Congratulations, Martha! I awoke only a few moments ago, but the morning news cycles are all abuzz and atwitter with the joyous trumpeting of your resounding victory over the spineless, dead-vote-gathering Republicans that have sucked at the bottom of the bucket of Buzzard’s Bay bilge we know affectionately as Beacon Hill. You defeated the odds, you gathered the votes, overcame hardship and the ramblings of known Yankee Fan at-large Curt Schilling, and upon the gusts of an electoral whirlwind which would put Ted Kennedy to shame; you have delivered the promise of an uncompromised (until now) health care bill.
Oh, wait.
Seriously? This is Massachusetts. How do you lose a democratic campaign in a state that is bluer than a drowning man? In all seriousness, the answers are simple. You lost this campaign for a (hardly) complex web of reasons. You were the perfect non-candidate. You cruised through a primary by providing cookie-cutter answers with the occasional liberal dismissal of real world issues (cough, Afghanistan, cough), never deigning to lower yourself to the serious debate raging between your primary opponents. Scott Brown didn’t. You didn’t show up to the debate hosted here at UMass, co-sponsored by the League of Women Voters. Scott Brown did. You took your election to the Senate for granted, treating it more like an inevitable succession than a legitimate race with a crucial impact on the course of the national political and legislative landscape. Scott Brown didn’t. You made it seem like, and (in some instances) convinced us that you didn’t care. Scott Brown did.
Worry not, though. You are not the only person to blame. Anyone who told you that you could and should win this is also to blame. Anyone who voted for you in the primary is also to blame. Anyone who didn’t recognize that Representative Michael Capuano was a far superior candidate is also to blame. The Boston Globe shares some of that blame for their confusing and pie-in-the-sky endorsement of Alan Khazei for the Democratic nomination, lending an element of chaos and confusion to a very serious campaign. Steve Pagliuca running a campaign of any sort didn’t help. I have no clue how many people voted for him simply because he co-owns the Celtics, but it was too many. They share some of the blame, to be sure. But the bulk of the blame lies undeniably with you. This seat – Ted Kennedy’s seat – was yours for the taking. Instead of taking the seat seriously, you took it for granted. Thus slips away President Obama’s filibuster-proof majority. The Kennedys are rolling in their Arlington Cemetery graves.

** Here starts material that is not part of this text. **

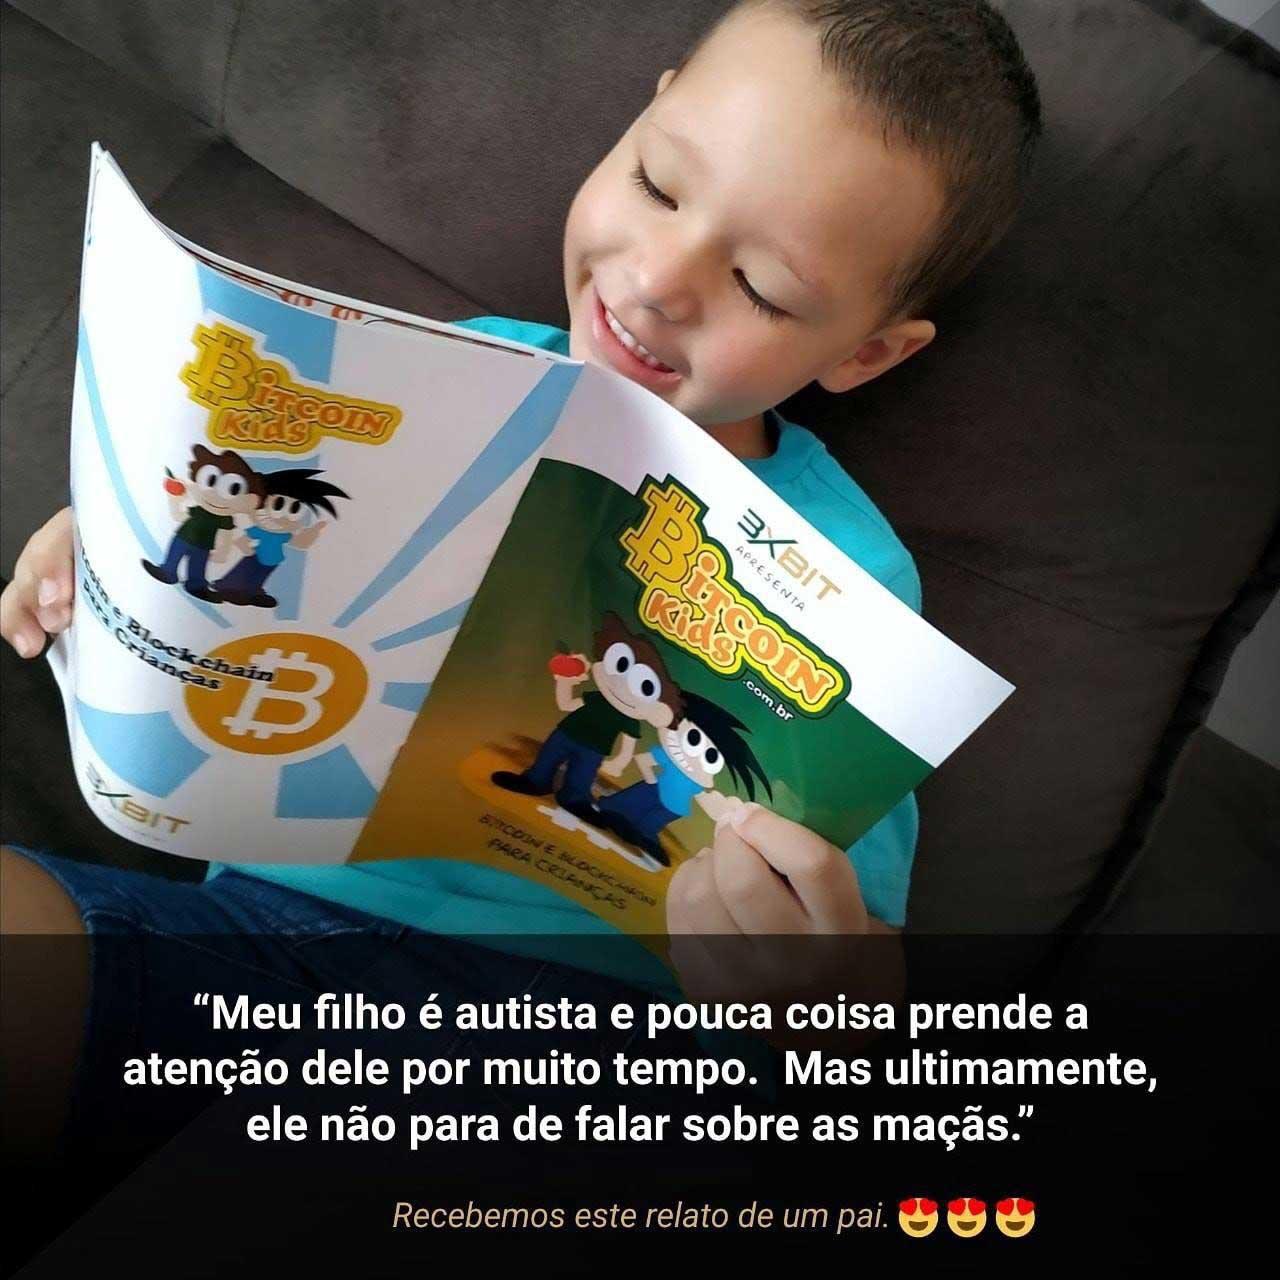 Webitcoin: Bitcoin Kids: iniciativa educacional da 3xbit rompe barreiras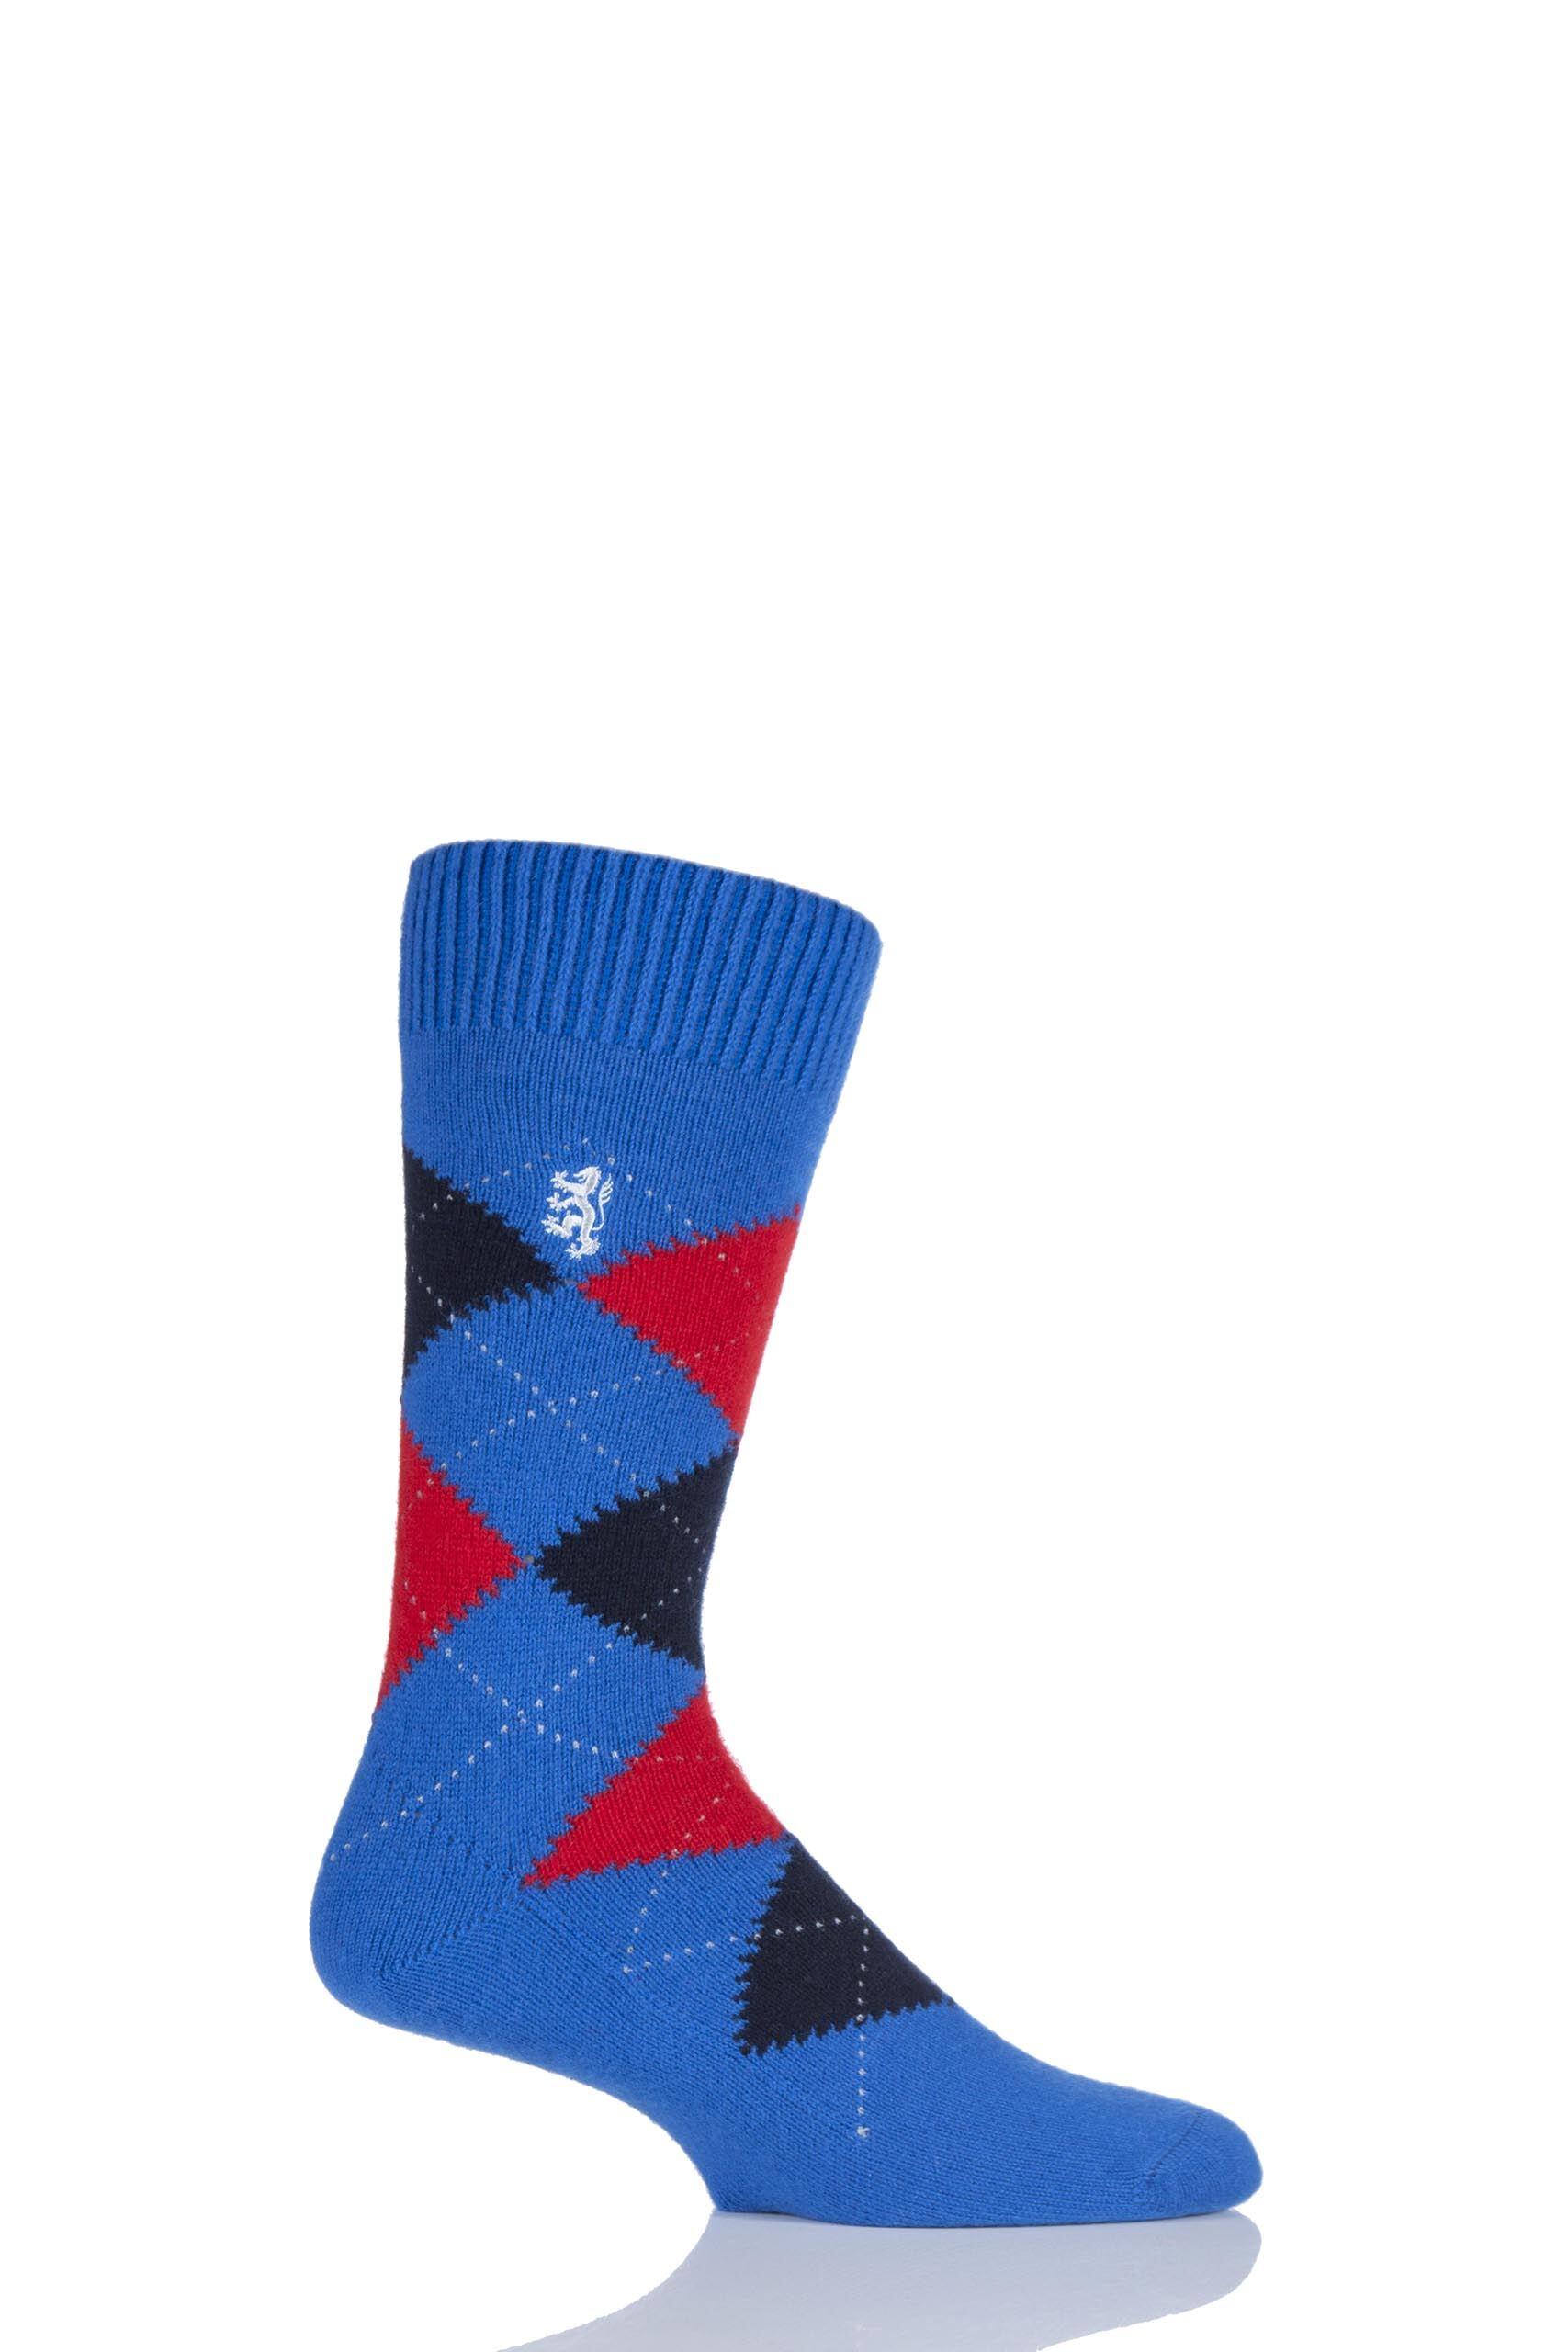 Image of 1 Pair Bright Blue 85% Cashmere Argyle Socks Men's 9-11 Mens - Pringle of Scotland

An election like this must serve as the ultimate warning against political hubris and miscalculation. Our country was teetering on the edge of disaster only a year ago, and thanks to decisive action from President Obama, we’re inching away. In times like these, we cannot afford to tether ourselves to the failed policies of the past nor throw our support behind those who hold their fingers to the political winds and speak quietly from their lecterns. Yet there is silver lining, Martha. Though this is a most woefully ominous precursor to the midterm tsunami rolling our way this fall, there is one lesson to be learned, though the fact that Democrats haven’t learned it by now boggles the mind. You never – never – take an election for granted. You fight until you have nothing left inside you, and then you fight on. Who needs sleep? You can sleep when you’re dead. You stand up and shout your beliefs from a megaphone when no one listens and when everyone listens.
Take a moment to once more reflect on the gravity of all that you have wrought, Martha (or in the case of Health Care reform, unwrought). Massachusetts – the only state to vote against Richard Nixon in 1972, the first state to provide universal health care and marriage equality to all of its citizens, the national bastion of liberalism and progressive thought – has just sent a hawkish, reactionary conservative to Washington to fill the seat that Ted Kennedy, Charles Sumner, and Daniel Webster once held. Scott Brown? How unworthy. How utterly opposed he is to all those values which have come to define us as citizens of this Commonwealth. He is no more a voice for the people of Massachusetts than George W. Bush was for the United States. His views do not reflect our virtues, nor the better angels of our nature. From the election of Scott Brown at the hands of your criminally incompetent campaign, Democrats across the country will draw political wisdom. Your loss, though a bitter pill, is the necessary dose of reality which Democrats needed to swallow. If they take their medicine, then who knows? Maybe you’ve saved the Democratic Party.
So Congratulations, Martha.
Charlie Felder can be reached at [email protected].
Zach • Jan 23, 2010 at 9:50 pm
It seems like you don’t even care to recognize the fact that a majority of the state is independent, not liberal. It has been accepted for some time that as soon as Kennedy gave up his seat, that there would be some interesting political races. For you to say that Scott Brown is not worthy, and that Ted Kennedy was worthy is disgraceful and quite honestly pathetic. You might have agreed with every political position that Kennedy held, and you might disagree with every position that Brown holds, but that does not qualify or disqualify a man for the job of senator. Many citizens voted in this election, with a healthy majority voting for Brown. He is a breath of fresh air for Massachusetts politics, and hopefully will be in washington as well.